The brightness of the organic EL element is influenced by the current density of the organic light emission layer and becomes greater as the current density becomes higher. If the transparent electrode is formed of ITO, the difference between the electric resistance value from a power supply terminal to a portion of the electrode closer to the power supply terminal and the electric resistance value from the power supply terminal to a portion of the electrode far from the power supply terminal becomes relatively large. This results in a relatively great difference between the current densities of the corresponding portions of the organic light emission layer. Accordingly, the brightness of the light emission zone of the organic EL element may become non-uniform.
In one method of adjusting the brightness distribution of the organic EL element, as described in Japanese Laid-Open Patent Publication No. 2003-123990, a transparent electrode is combined with an auxiliary electrode that is formed of metal with relatively high electric conductivity. More specifically, as shown in FIG. 15, the method employs an auxiliary electrode 52 including a contact portion. The contact portion has three sides that are held in contact with a transparent anode electrode layer 51, which is deposited on a substrate 50.

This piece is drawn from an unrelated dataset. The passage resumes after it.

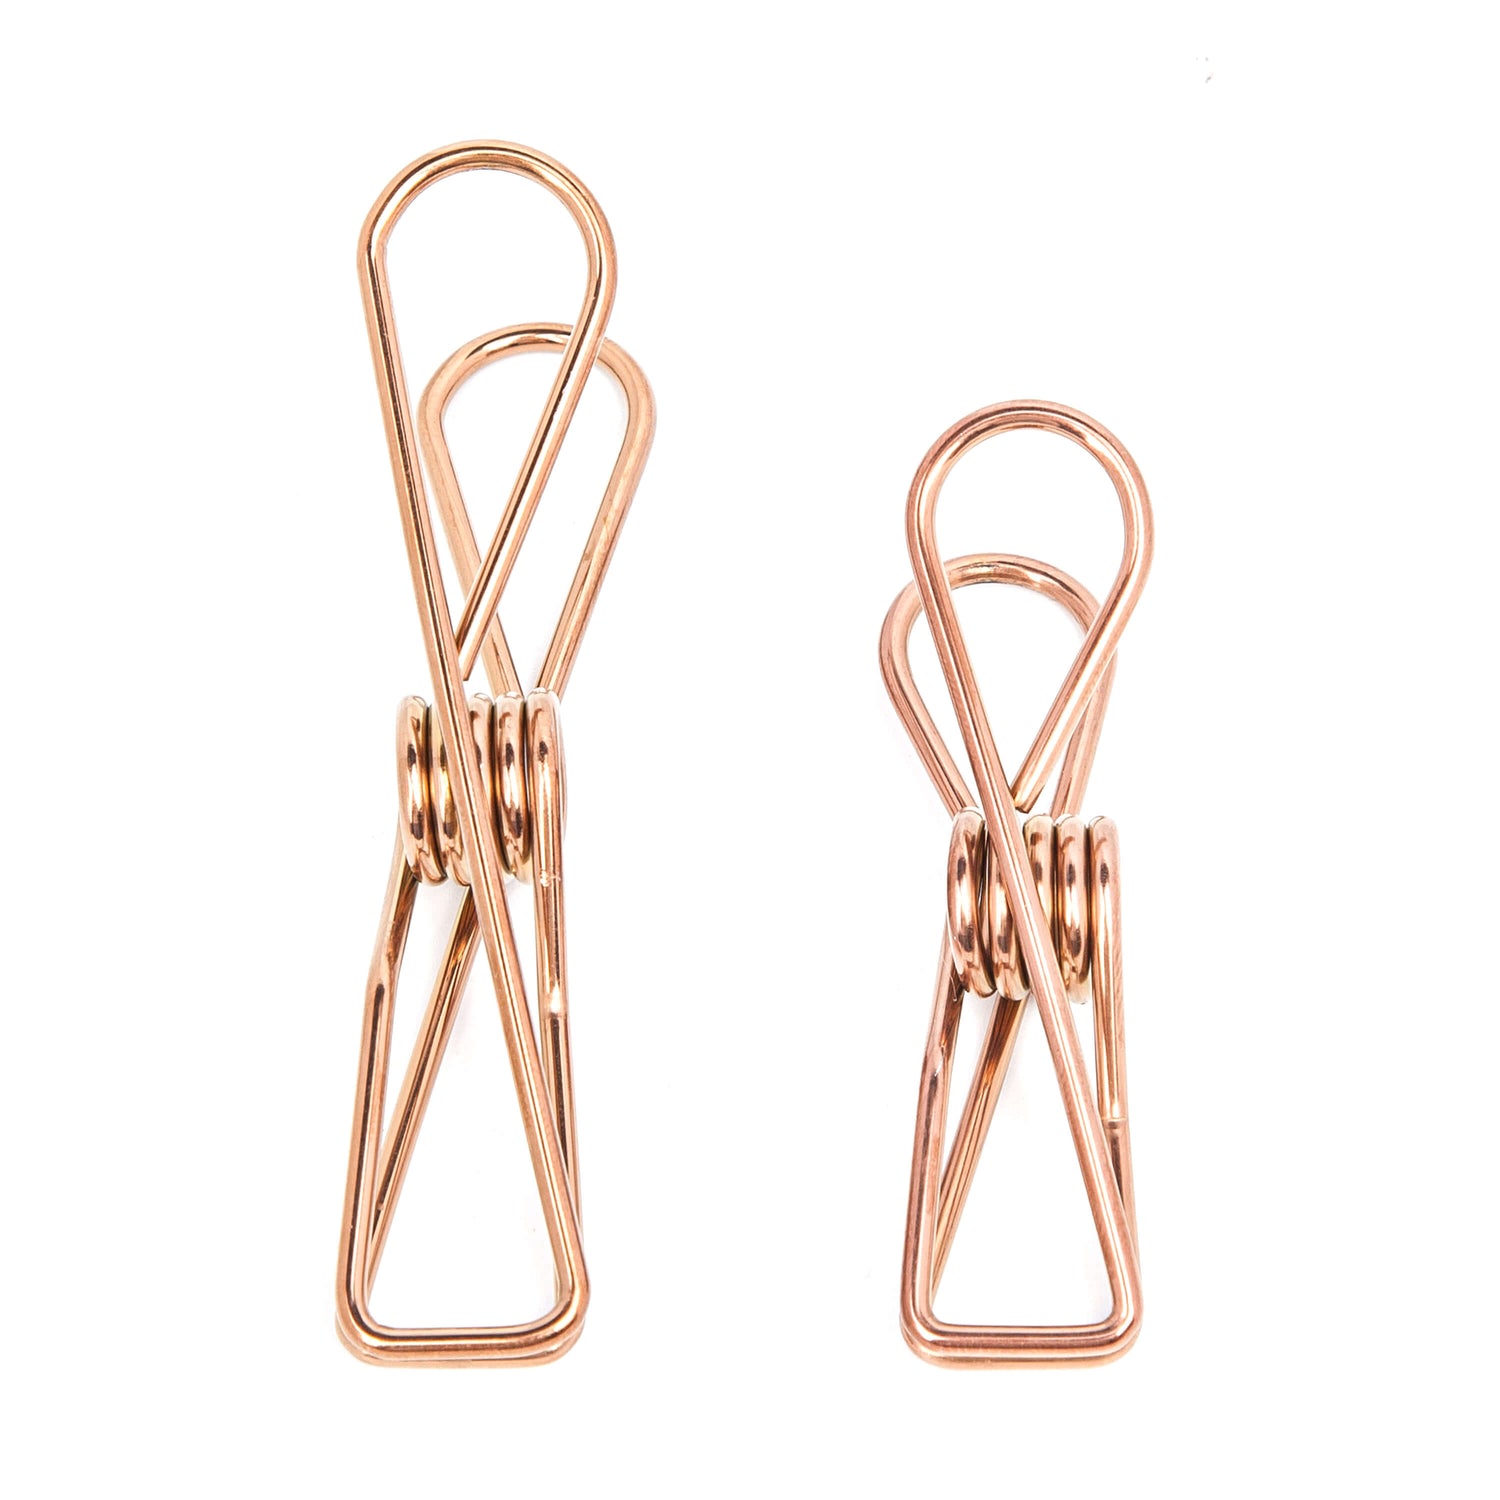 Rose Gold Stainless Clothing Pegs 40 Standard &amp; 10 Large Pegs - EcoLuxe Living

In this method, the auxiliary electrode 52 is provided around the transparent anode electrode layer 51. The brightness distribution of the organic EL element is thus adjusted by lowering the electric resistance of a portion of the transparent anode electrode layer 51 corresponding to the auxiliary electrode 52. However, even in the auxiliary electrode 52, the difference between the electric resistance value from a power supply terminal to a portion of the auxiliary electrode 52 closer to the power supply terminal and the electric resistance value from the power supply terminal to a portion of the auxiliary electrode 52 far from the power supply terminal becomes relatively large. This decreases the current density of a portion of the organic light emission layer far from the power supply terminal, lowering the brightness of the portion correspondingly.
Similar problems occur also in inorganic EL elements.